4. How do you think we might encourage researchers in the MRI community to contribute more open-source code along with their research papers?

We think it should become an expectation rather than a suggestion, as long as all data is de-identified. Researchers should have to “opt-out” of data sharing and be required to provide a reasonable explanation as to why the data/code cannot be shared in its current form. 

Questions about the specific reproducible research habit

1. Why did you choose MATLAB as the software language for your project? Did you consider any other languages?

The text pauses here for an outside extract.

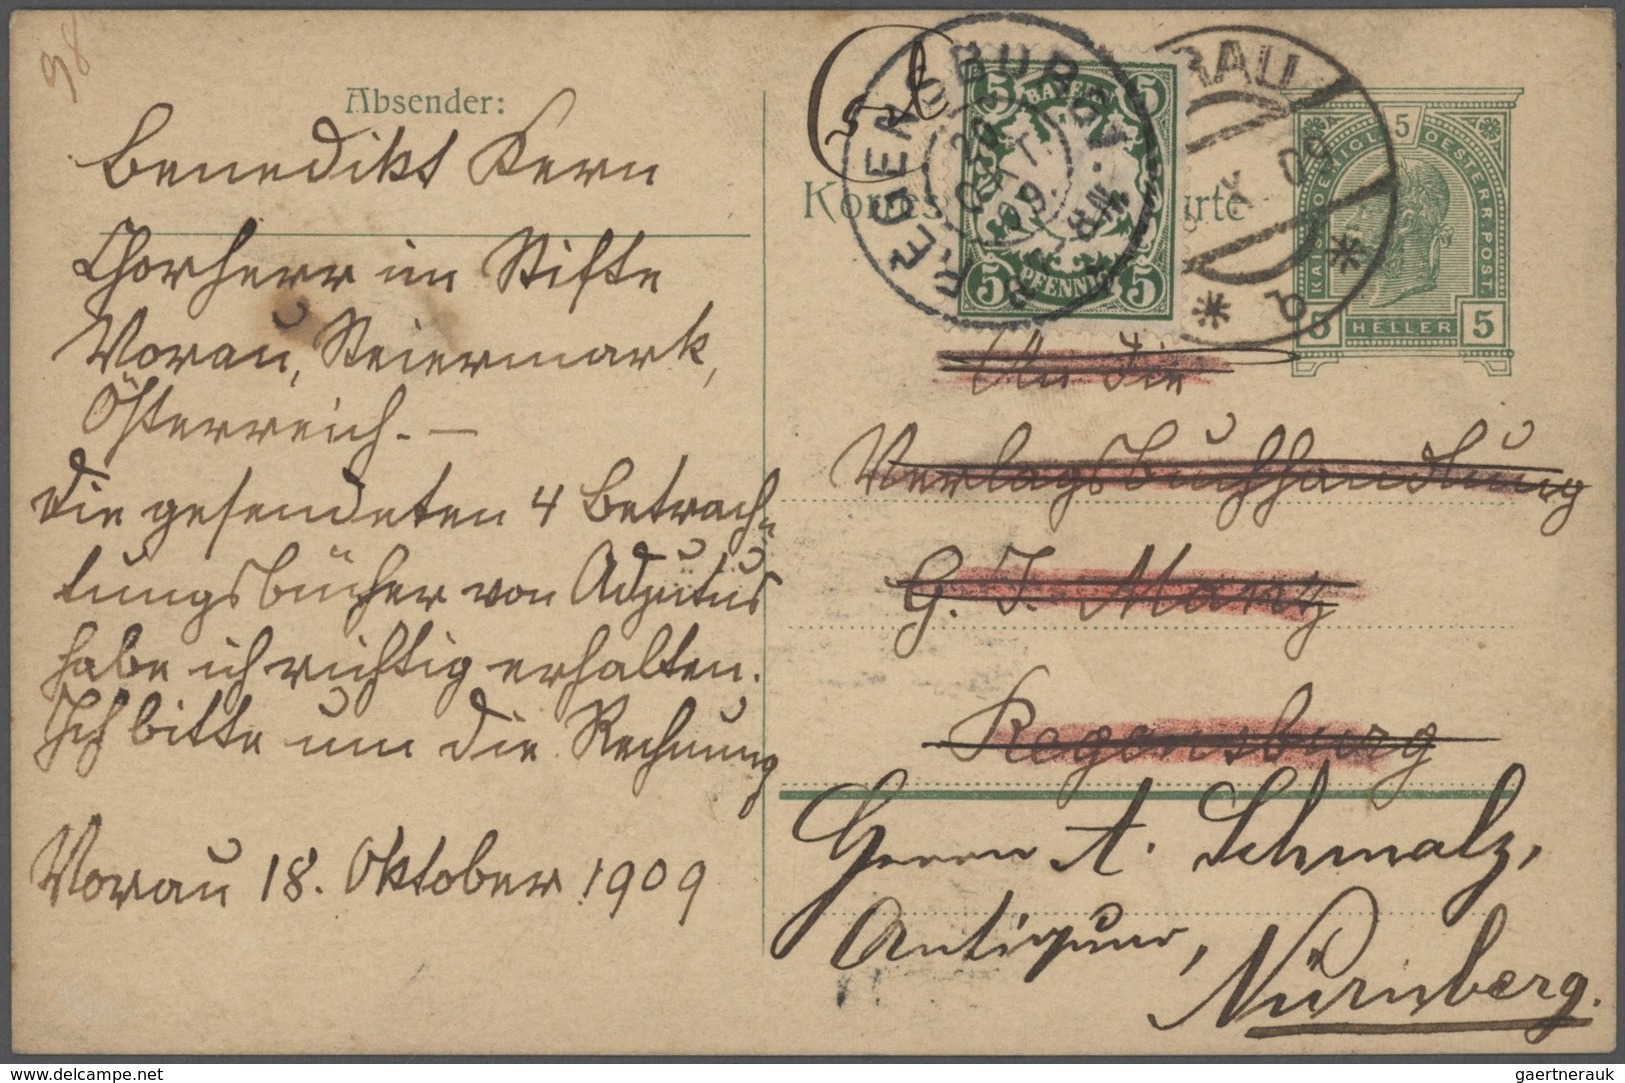 Bayern - Marken und Briefe: 1875/1920 Schöner Posten von 37 un(ter)frankierten Bayern-Belegen mit NA

Our team had prior experience with MATLAB. The combination of good documentation and simple code structure makes it easy for potential new lab members to understand the code.

2. How did you decide on the license you chose for your shared code/data (CC0 1.0 Universal License)?

The example data we provided was de-identified and the code uses functions provided by MATLAB, so we saw no reason to put limits on the license.

3. What questions did you ask yourself while preparing your code for sharing?

The most important thing for us was to create code that would be as automated as possible. We wanted something simple, efficient, and easy to understand. Lastly, we added comments to help the reader understand some key lines. Our goal in sharing was to actually provide value to the reader. 

4. Are there any other reproducible research habits that you haven’t used for this paper but might be interested in trying in the future?

Since sharing media is easy these days, we think it would be interesting to add short explanatory videos. We could quickly demonstrate our test set-up and provide a summary of the research. This way we could reach a wider audience and better communicate ideas that might be lost in text.